In addition, it is also useful for entities to record energy attributes such as maximum wake up time, maximum sleep time, service interruption time, transition time, maximum packet throughput, maximum bit throughput and report these quantities.

4.4.5.1. Energy Measurement

The standard must provide means for reporting measured values of energy and the direction of the energy flow received or provided by an entity. The standard must also provide the means to report the energy passing through each Power Interface.

4.4.5.2. Energy Efficiency Measurement

The standard must provide means for measuring the trade-off between service-level object and energy consumption. [ETSI-ES-203-136], [ITUT-L.1310], [ATIS-0600015.03.2013] provide methodology and test procedure for measuring such energy efficiency related metrics, which is defined as the throughput forwarded by 1 watt. The traffic loads and the weighted multipliers need to be clearly established in advance.
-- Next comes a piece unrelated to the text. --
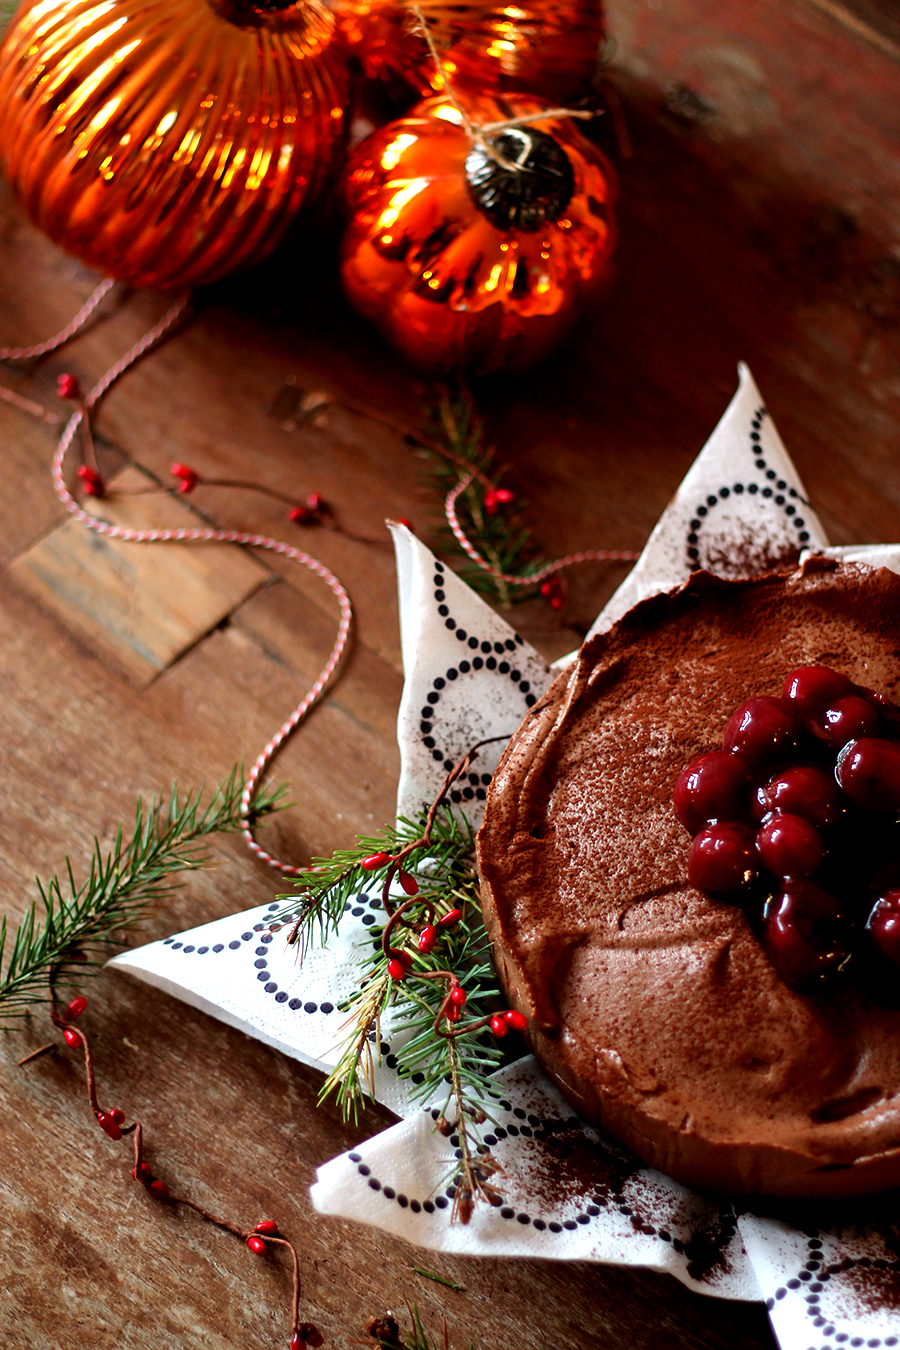 Kerstdessert, kerstoetje, Toetje met kerst, Chocoladetaart. Chocolade truffeltaart

Note that, based on the specific optimization policy (throughput, heat, energy source, etc.), different derived metrics should be computed at the controller level.
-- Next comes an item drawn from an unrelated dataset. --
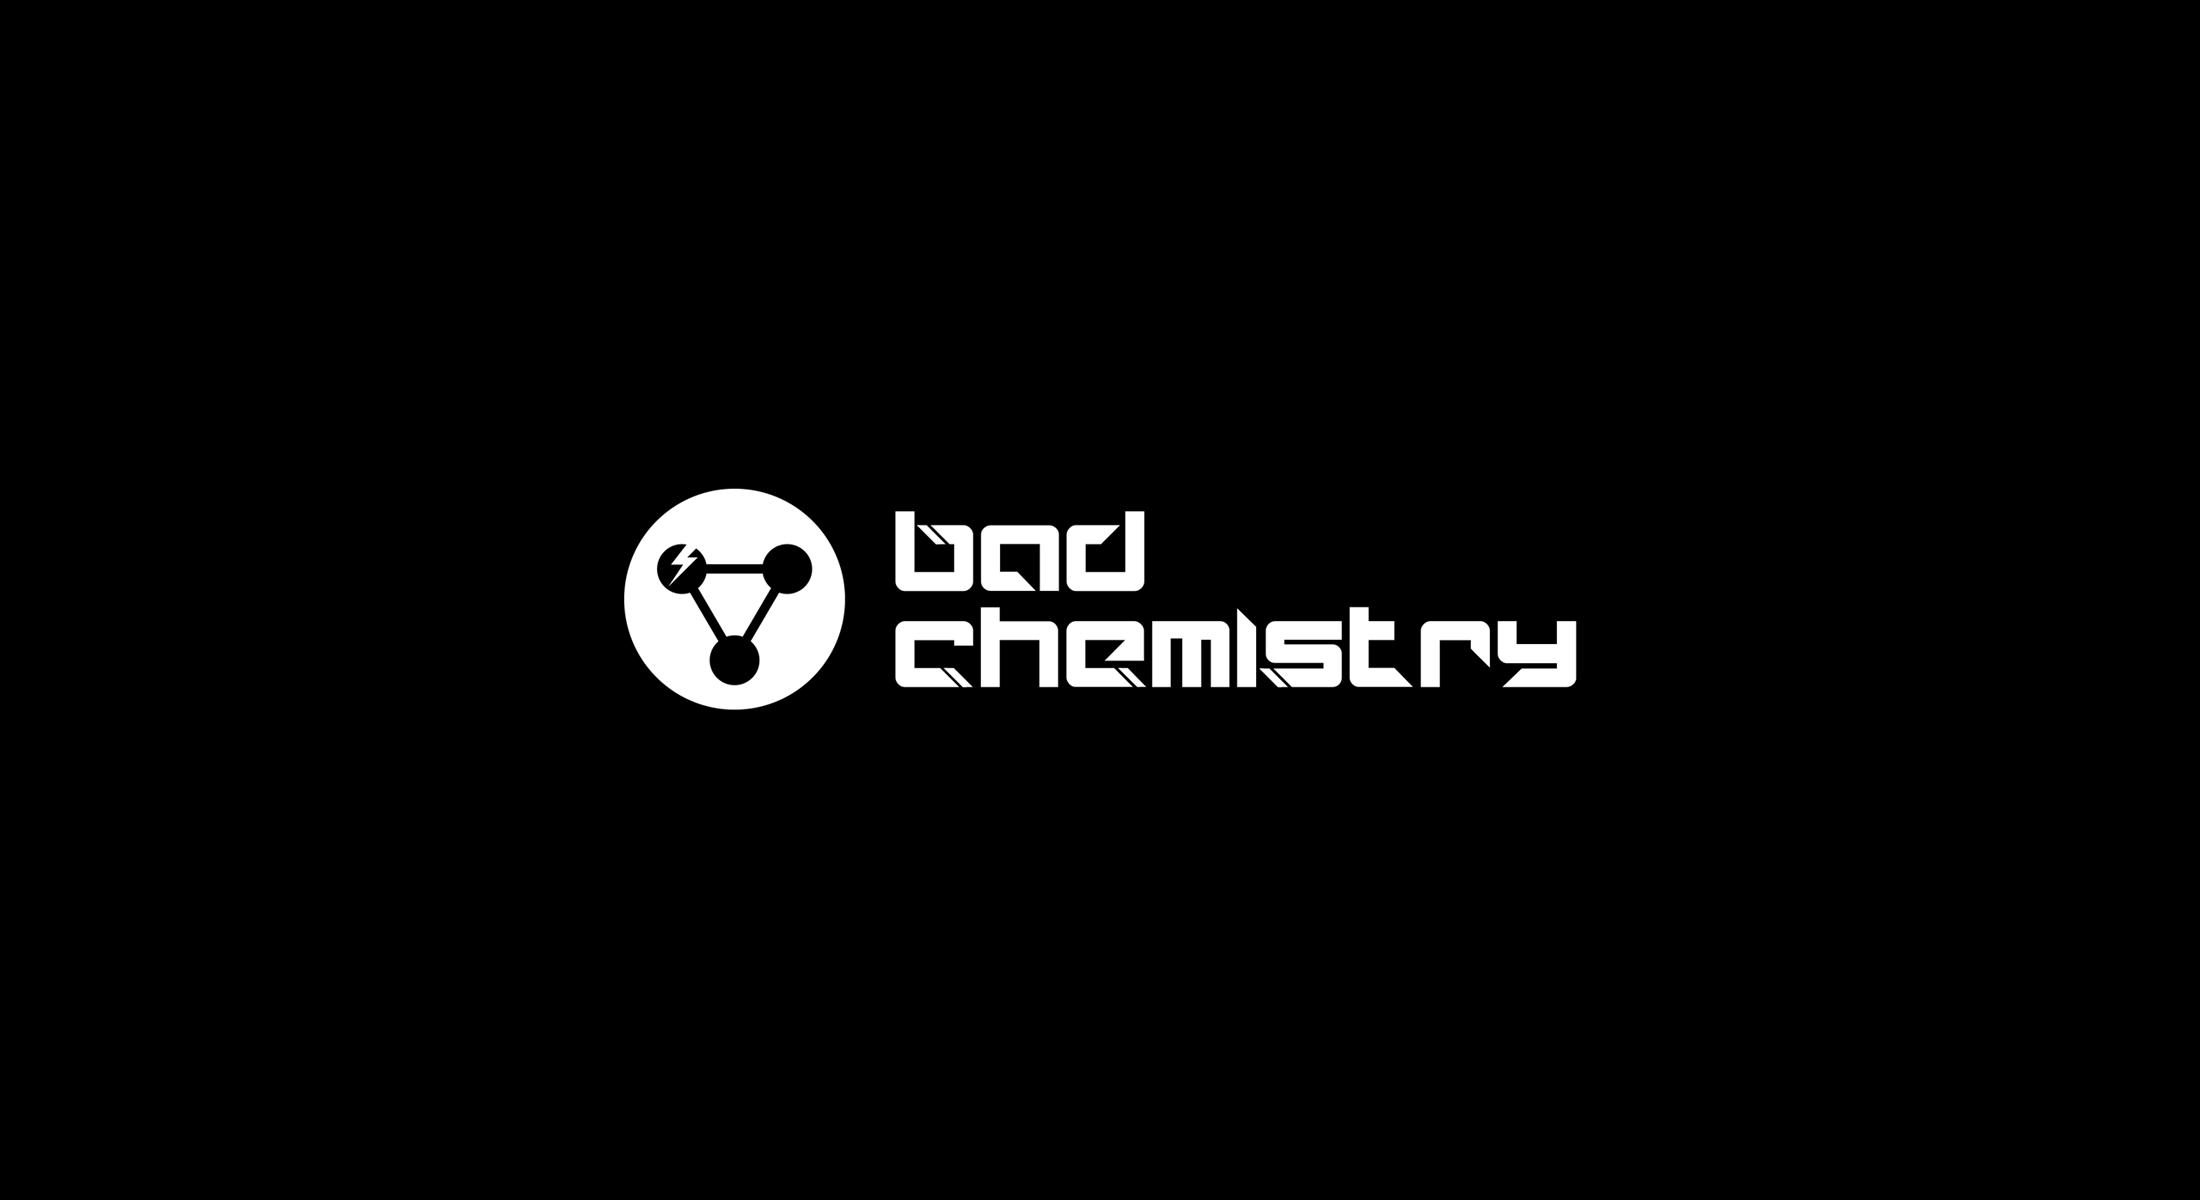 badChemBanner_black_YT

4.4.5.3. Power Gain Measurement

The standard must provide means for measuring power gain, which can be calculated by actual power to be consumed by the entity divided by the maximum power of the entity. In addition, the minimum power gain can also be measured and reported.

4.4.5.4. Time Intervals

The standard must provide means for reporting the time interval for which an energy value is reported.

4.4.5.5. Energy Per Power State

The standard must provide means for reporting the received and provided energy for each individual Power State. This extends the requirements on Power State statistics described in Section 5.4.7.

4.4.6. Time Series of Measured Values

For some network management tasks, obtaining time series of measured values from entities, such as power, energy, etc., is required.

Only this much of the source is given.